В продолжение темы, начатой в «Македонской критике французской мысли», где жертвы сталинских репрессий предстают как органические составляющие нефти, коровьи останки (то есть человеческие жертвы прошлого) продолжают использоваться, даже будучи уже мертвой материей. Пестрая корова олицетворяет «всех, кто жил здесь до нас». Это «важный символ, восходящий к культу предков и культу живородящей земли». «Пестрая корова, конечно, и Россия – вернее, ее тотем»192. В этой сказке А Хули видит сущность русской истории, финальную стадию которой она только что наблюдала, – историю безропотной гибели под ножом, сулящей возрождение в виде волшебного дерева (золотых яблок, нефти и денег). Именно на Севере, некогда территории ГУЛАГа, сконцентрирована российская нефтяная промышленность.
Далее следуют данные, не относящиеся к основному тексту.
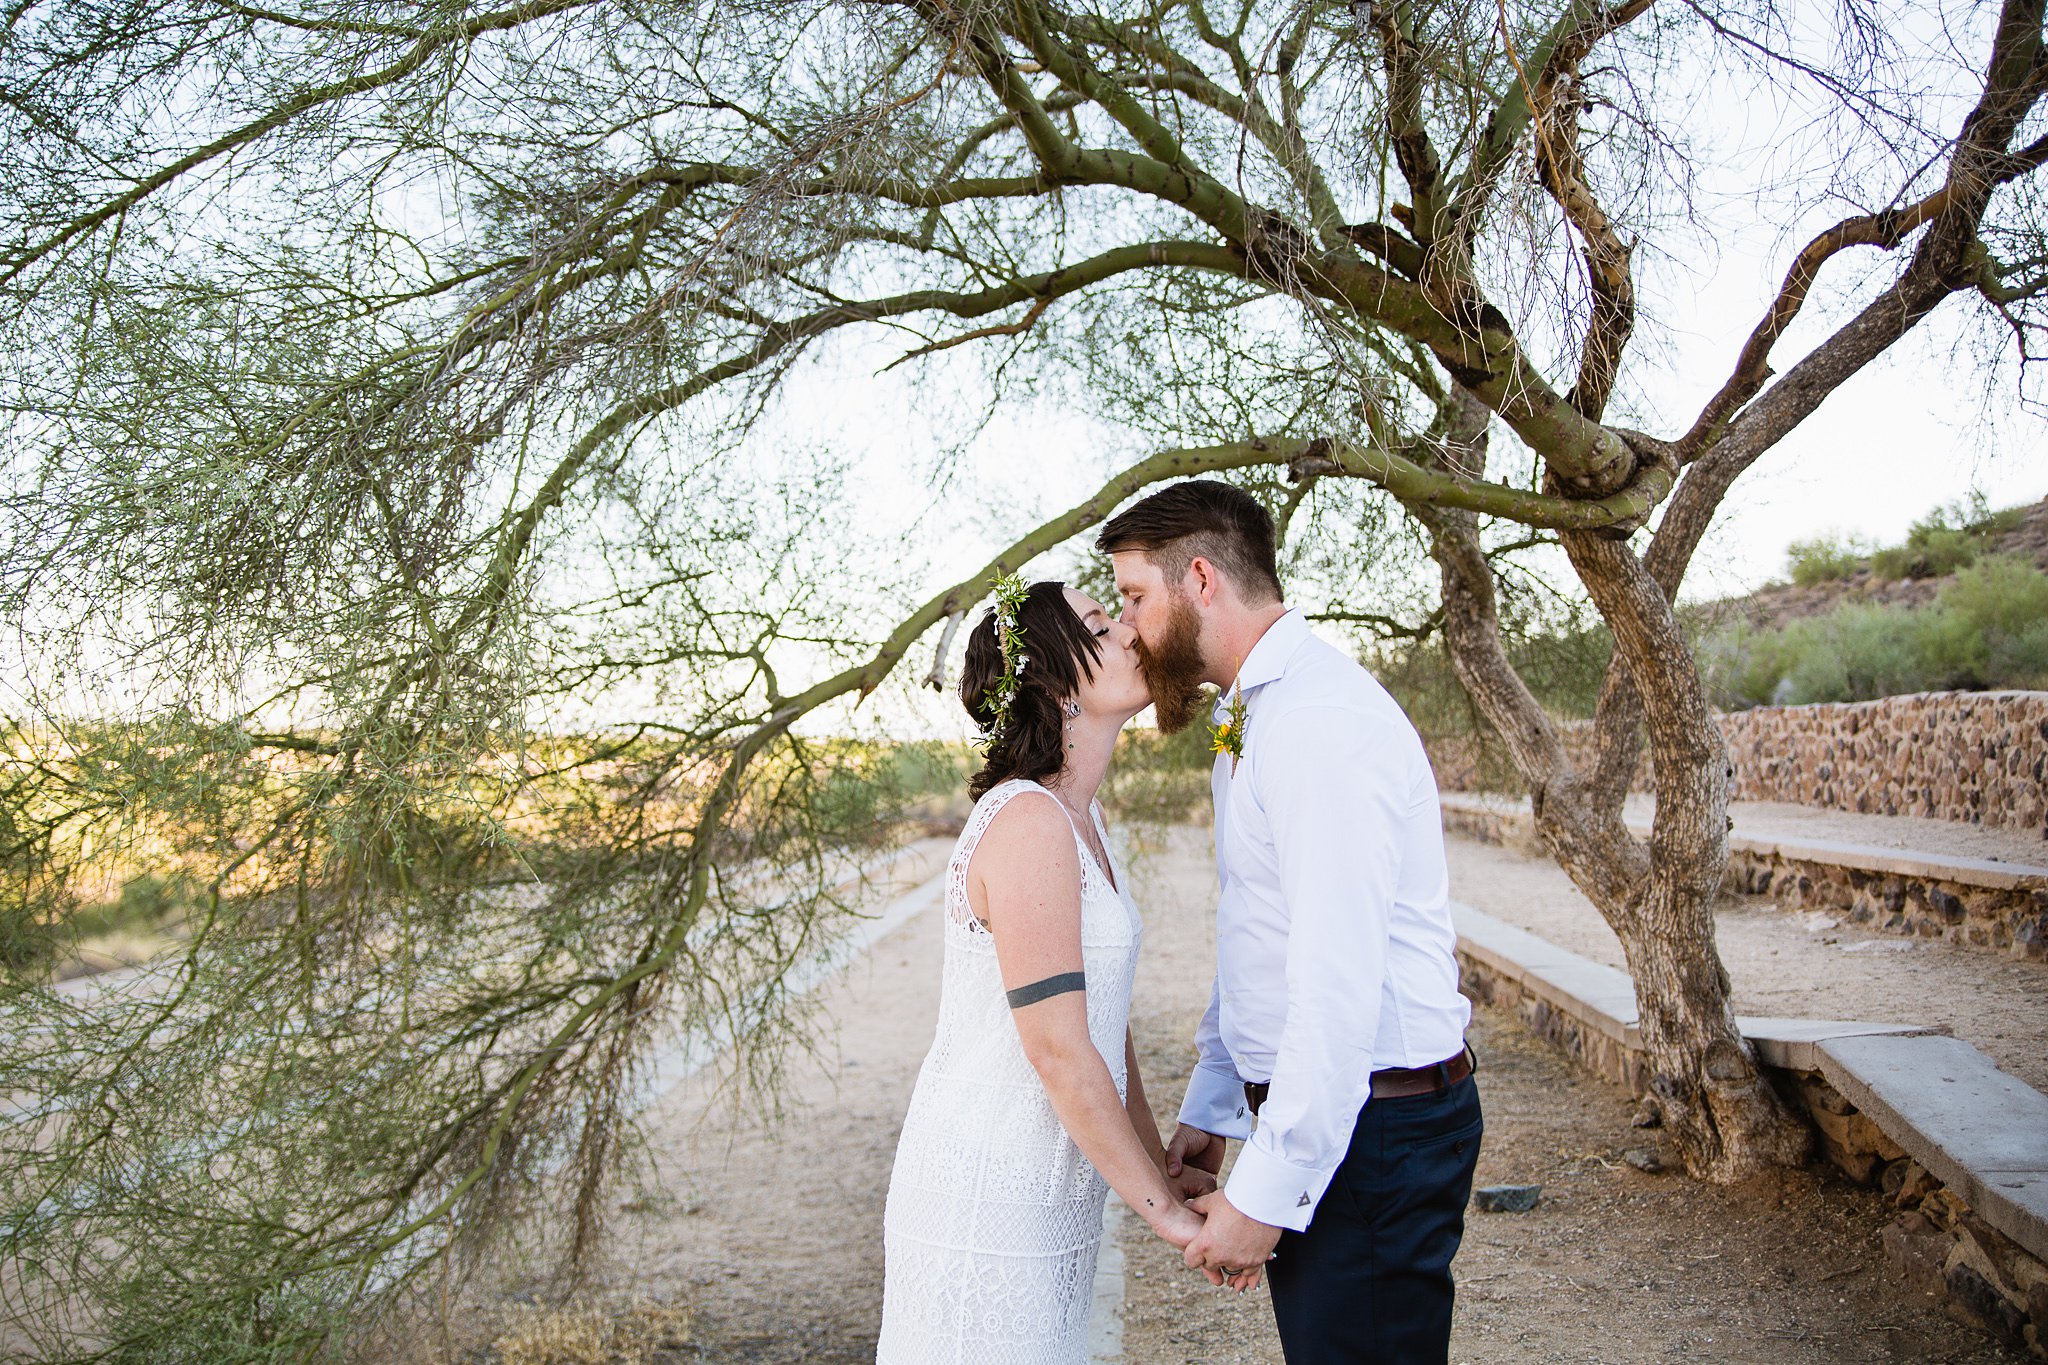 Simple boho inspired bride and groom share a kiss under a tree by Arizona wedding photographers PMA Photography.

В «Священной книге оборотня» обыгрываются разные значения слова «вышка»: наблюдательные вышки в лагерях, «высшая мера», то есть смертный приговор, буровые вышки – и изображается извращенный траурный ритуал, не только не признающий вины перед узниками ГУЛАГа, но и требующий от жертв этой эпохи и в целом истории страны участвовать в обороте капитала.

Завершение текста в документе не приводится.